Um die Gültigkeit dieser Aussage zu erkennen, muss man sich lediglich die Konstruktion eines einfachen Computersystems anschauen: Wieviele Programme, Schichten und Protokolle dafür notwendig sind, um alleine nur den Rechner zu betreiben. Auch die heutigen, mehrkernigen CPU’s sind extrem komplex. Dann kommen noch diverse Netzwerke hinzu und alle möglichen externen Geräte. Man kann sich auch ein Atomkraftwerk anschauen oder einen atomgetriebenen Flugzeugträger – oder den Planeten Erde und dessen ungeheure Vielfalt an Leben. All das, was wir in der Erscheinungs-Welt sehen und erleben, wird in der Quelle erzeugt und läuft dort ab – und es ist absolut unmöglich, dass die Quelle einfacher strukturiert ist, als ihr komplexestes geistiges Erzeugnis.
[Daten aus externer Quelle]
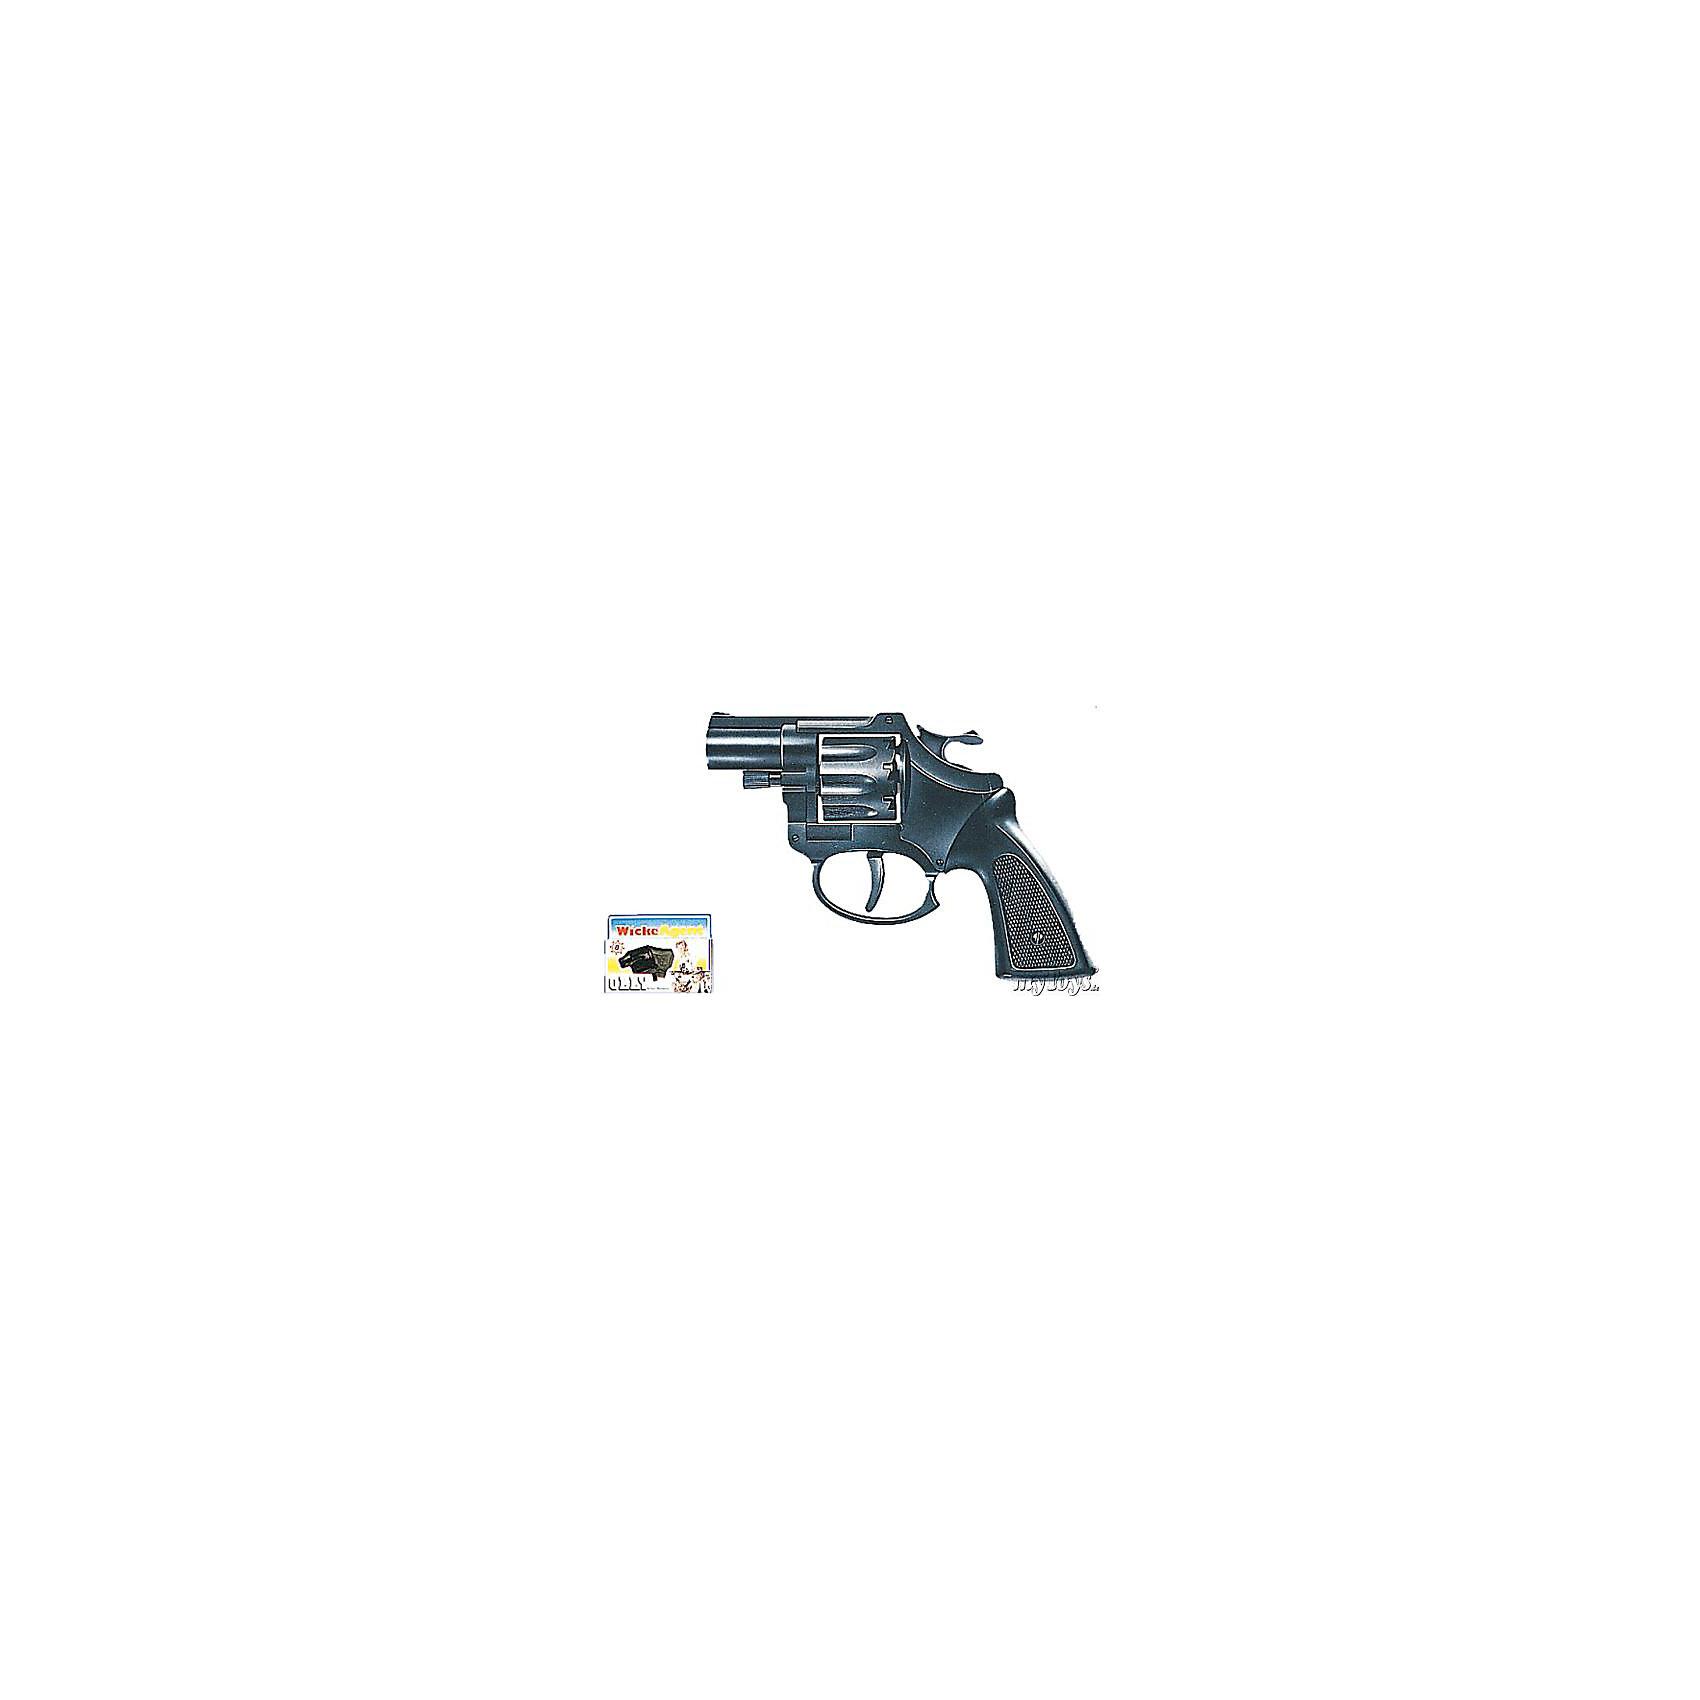 - Пистолет Olly, 8-зарядный,  Sohni-Wicke купить б у сони плейстейшен 2 с экраном

Die universelle Lebenskraft („elektrischer Strom„) ermöglicht die Funktion des Projektions-Mechanismus, der den Körper und die Außenwelt im Bewusstsein „materialisiert„. Diese dynamische Körper-Welt-Projektion basiert auf den individuellen Datenstrukturen des jeweiligen Wesens und der Datenstrukturen aller anderen Wesen, die in die gleiche Außenwelt projiziert werden – und aus den Datenstrukturen dieser Außenwelt. Durch die individuelle Kombination dieser Daten, wird es möglich, dass jedes Wesen seine eigene, personalisierte Ausgabe dieser Erscheinungs-Welt in seinem Bewusstsein erlebt.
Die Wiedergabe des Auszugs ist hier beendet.